Pierre De Maere
Born to be Alive. Et célèbre.
Mots : Servane Calmant
Photos : Anthony Dehez
« Make me famous, please », c’est Pierre de Maere, troublante gueule d’ange aux yeux bleus d’azur, qui vous le demande. Avec ironie ? Un peu. Avec insolence ? Aussi. A 21 ans, cet auteur compositeur interprète originaire de Walhain, a réussi en un an à peine, à séduire les ondes avec une électro-pop accrocheuse à l’esthétique rétro chic super léchée. Un premier album qui sortira début 2023, après un EP stylé, devrait permettre à Pierre de réaliser son rêve : vivre une existence non ordinaire et devenir une superstar par amour d’un public qui lui rend (déjà) bien.
On rencontre Pierre de Maere, 21 ans, aux Terres d’Ici, une ferme concept basée à La Hulpe qui abrite une pépinière et un restaurant écoresponsable où l’équipe de Be Perfect aime venir siroter un excellent vin blanc. En ce 15 août, il fait particulièrement chaud. Pierre de Maere arrive en short, décontracté, les cheveux en bataille. La coupe au bol stricte, à la Mireille Mathieu, qui a fait son succès, il n’en veut plus. Message reçu pour un shooting en mode « out of bed ». D’emblée, on se fait la bise, c’est plus convivial. On se tutoie. Ses grands yeux bleus perçants m’interrogent. Ah non, les questions, c’est moi qui les pose… Faudrait pas que je me laisse impressionner !

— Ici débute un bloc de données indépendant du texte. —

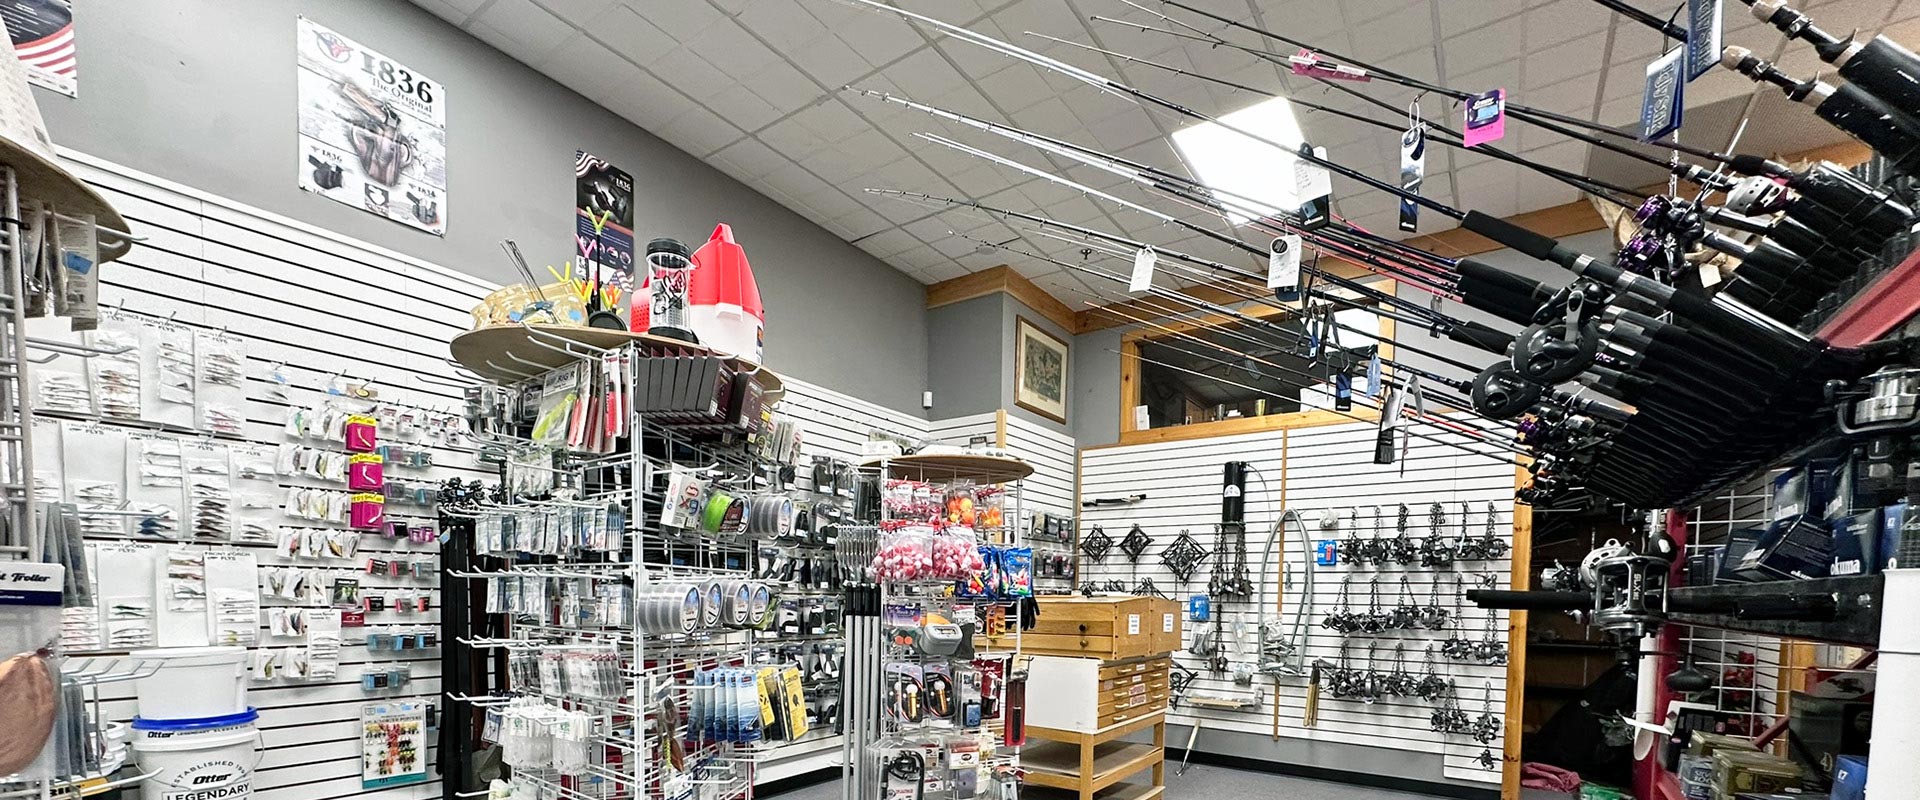 Willey's Sport Center - Maine Firearm/Gun Dealer, Hunting Gear, Fishing Gear,  Outdoor Gear, Sporting Goods, Browning Safes, Snowdog Snow Machines
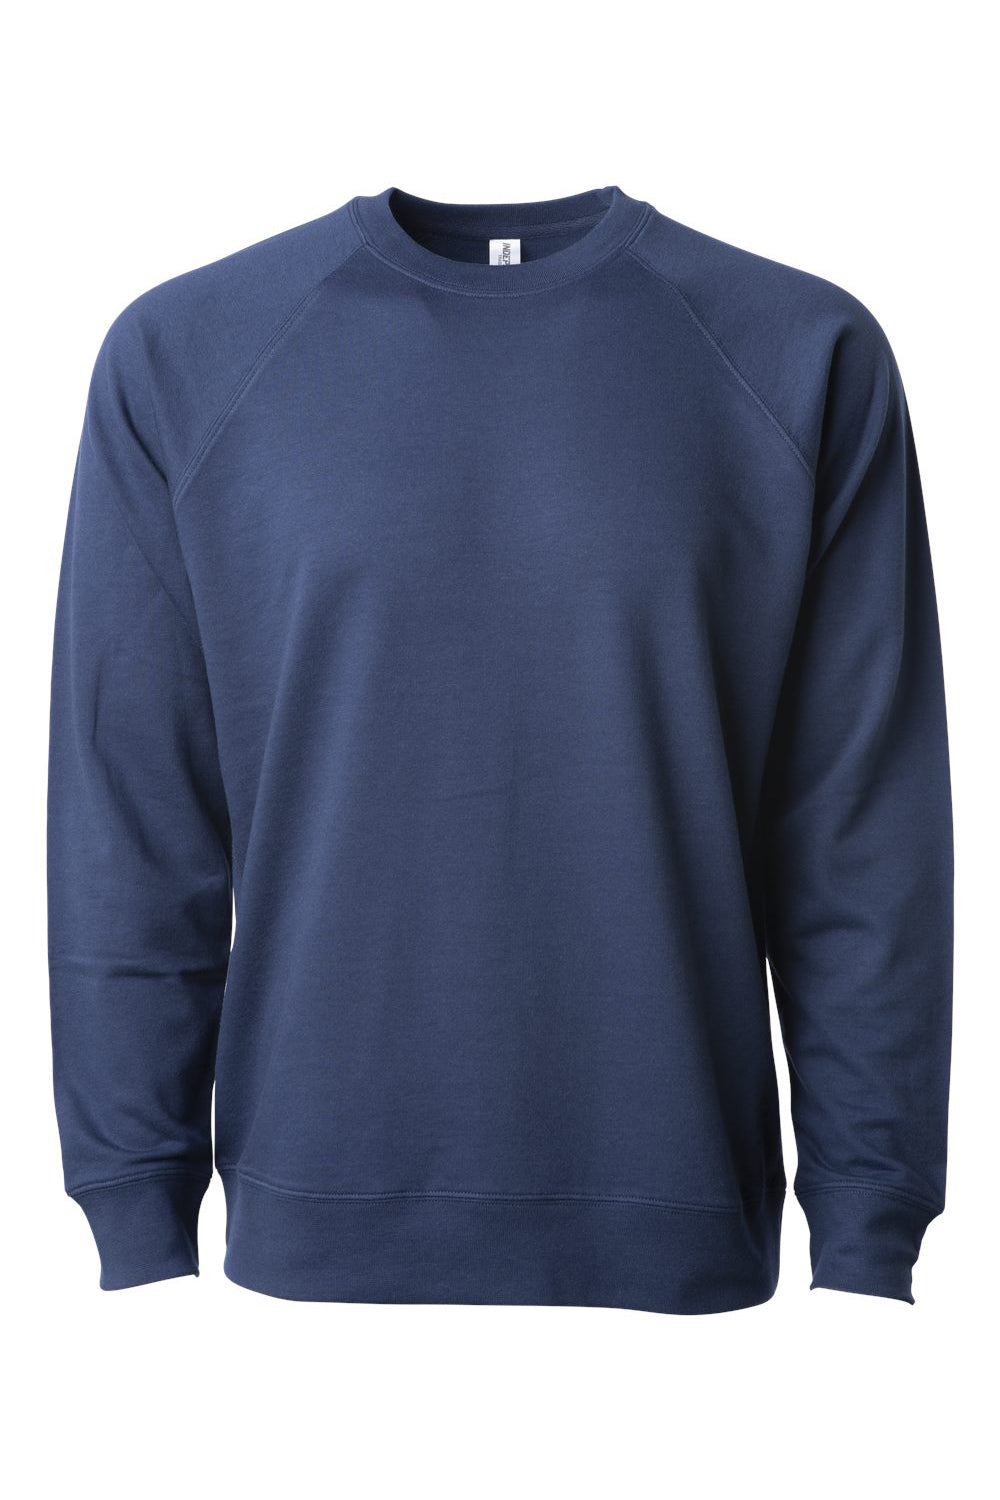 Independent Trading Co. SS1000C Mens Icon Loopback Terry Crewneck Sweatshirt Indigo Blue Flat Front

21 ans, waow, c’est jeune ! A quel âge, Pierre de Maere s’est-il rendu compte qu’il avait une fibre artistique ? Tôt. Vers 10, 11 ans, je me suis initié à la composition et à la production grâce à l’application GarageBand (un logiciel d’enregistrement sur Mac – nda), je chantais en yaourt, puis dans un anglais assez pitoyable, juste pour le plaisir, pour échapper à l’ennui parfois, mais sans projet d’avenir artistique. Progressivement, j’ai délaissé la musique pour la photographie. Mes photos d’Alex Lawther, l’acteur de la série « The End of the F***ing World » sont publiées dans GQ Magazine. J’imagine ma voie toute tracée : la photo où j’intègre évidemment la mode et la direction artistique… Mais à 18 ans, au début du confinement, je décide d’écrire en français, c’est un véritable déclic : si en anglais, je chantais des sujets bateaux, je ressens soudain, en composant dans ma langue, le besoin de créer un univers, de parler de moi et de sujets personnels. Et je mets à profit mon expérience de photographe. Le facteur chance est au rendez-vous : j’écris et je publie un titre « Potins absurdes » sur Spotify, une plateforme de streaming. Ce single est repéré par Cinq7, un label français (où l’on retrouve Jean-Louis Murat, Bertrand Belin, Dominique A – nda) qui m’appelle aussitôt… Je signe un EP, « Un jour, je » qui sort en janvier 2022 et qui renferme mon premier single « Un jour, je marierai un ange », lequel va me propulser au-devant de la scène. Jusqu’ici, je suis vraiment un artiste verni, mais pas uniquement. Ce succès rapide, je le dois à des heures de travail.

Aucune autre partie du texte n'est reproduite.